SOUTH BEND — Devereaux Peters remembers, in her first two years at the University of Notre Dame, frequently making the 6-mile trip from campus to Washington High School to watch her future teammate Skylar Diggins play.

Heading west over the St. Joseph River changed Peters' perception of South Bend. It was the late 2000s, and so many areas looked sorely in need of revitalization. Peters became aware of what she called the Notre Dame "bubble": "This bubble of wealth and the elites, and then you have this whole city outside that doesn't necessarily tap into that."

Peters, a standout forward at Notre Dame from 2007 to 2012 who went on to play professionally for years, is keeping this divide in mind as she plans to build 60 new apartments tailored to low-income tenants in downtown South Bend.
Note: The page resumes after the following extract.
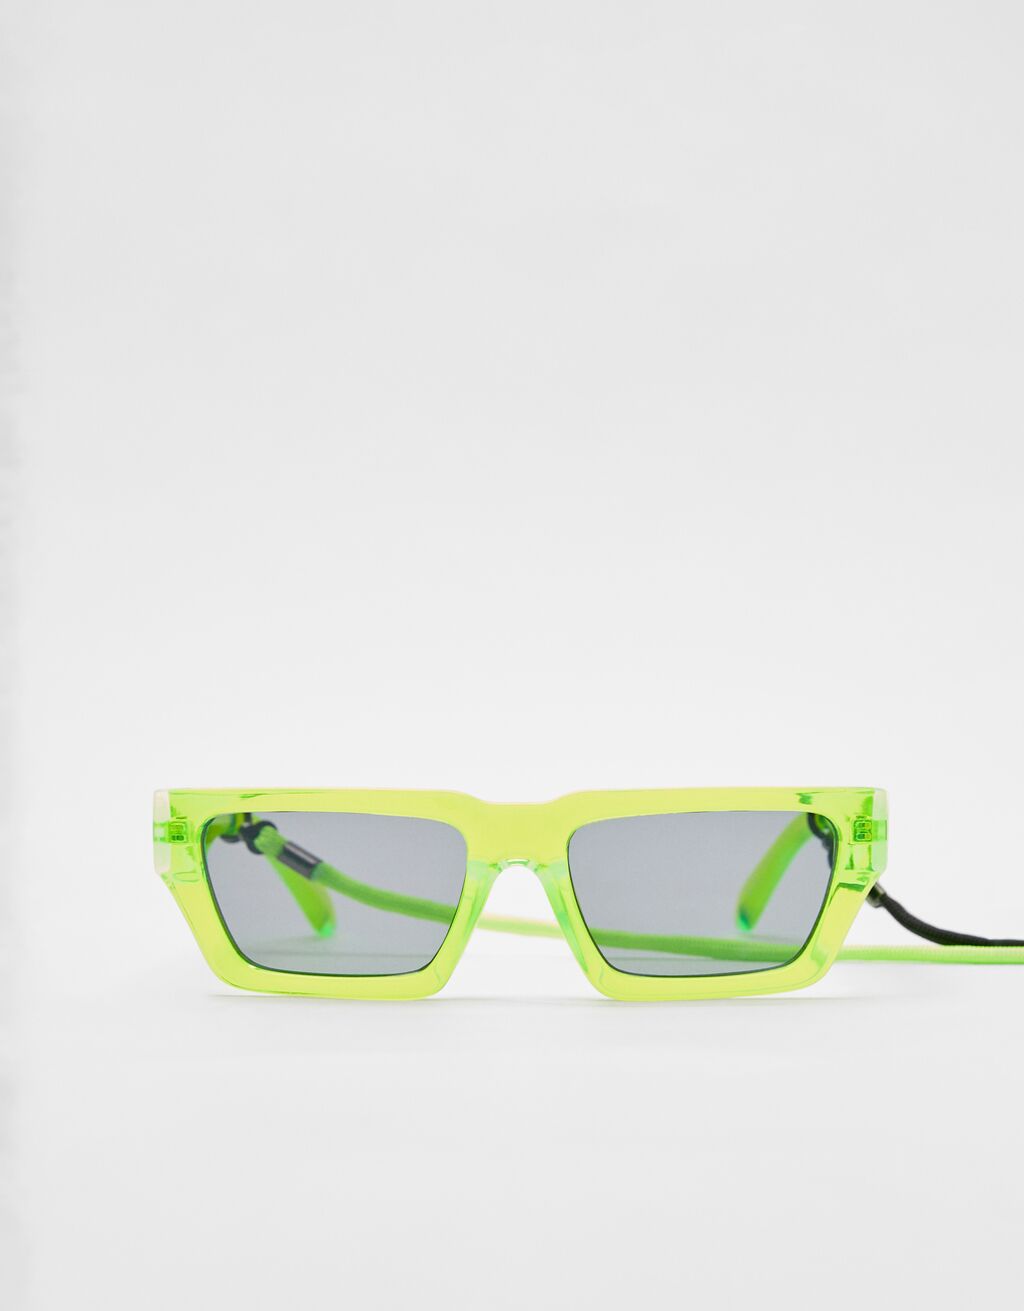 Neon sunglasses

A vacant lot at the intersection of Michigan and Monroe Streets, known colloquially as the "Fat Daddy's block" in honor of the closed surplus store, is Peters' chosen site to invest more than $14 million to build a four-story, 65,000-square-foot apartment complex. Of the 60 units, 46 would be priced affordably to serve a spectrum of lower-income residents.

The project could stall, however, if the Indiana Housing and Community Development Authority rejects Peters' application for rental housing tax credits. Failure to be chosen for the highly competitive annual program, which reduces a developer's tax burden, has derailed multiple affordable-housing projects over the past five years, including a Wisconsin-based firm's plans to build senior housing in the old Fat Daddy's buildings.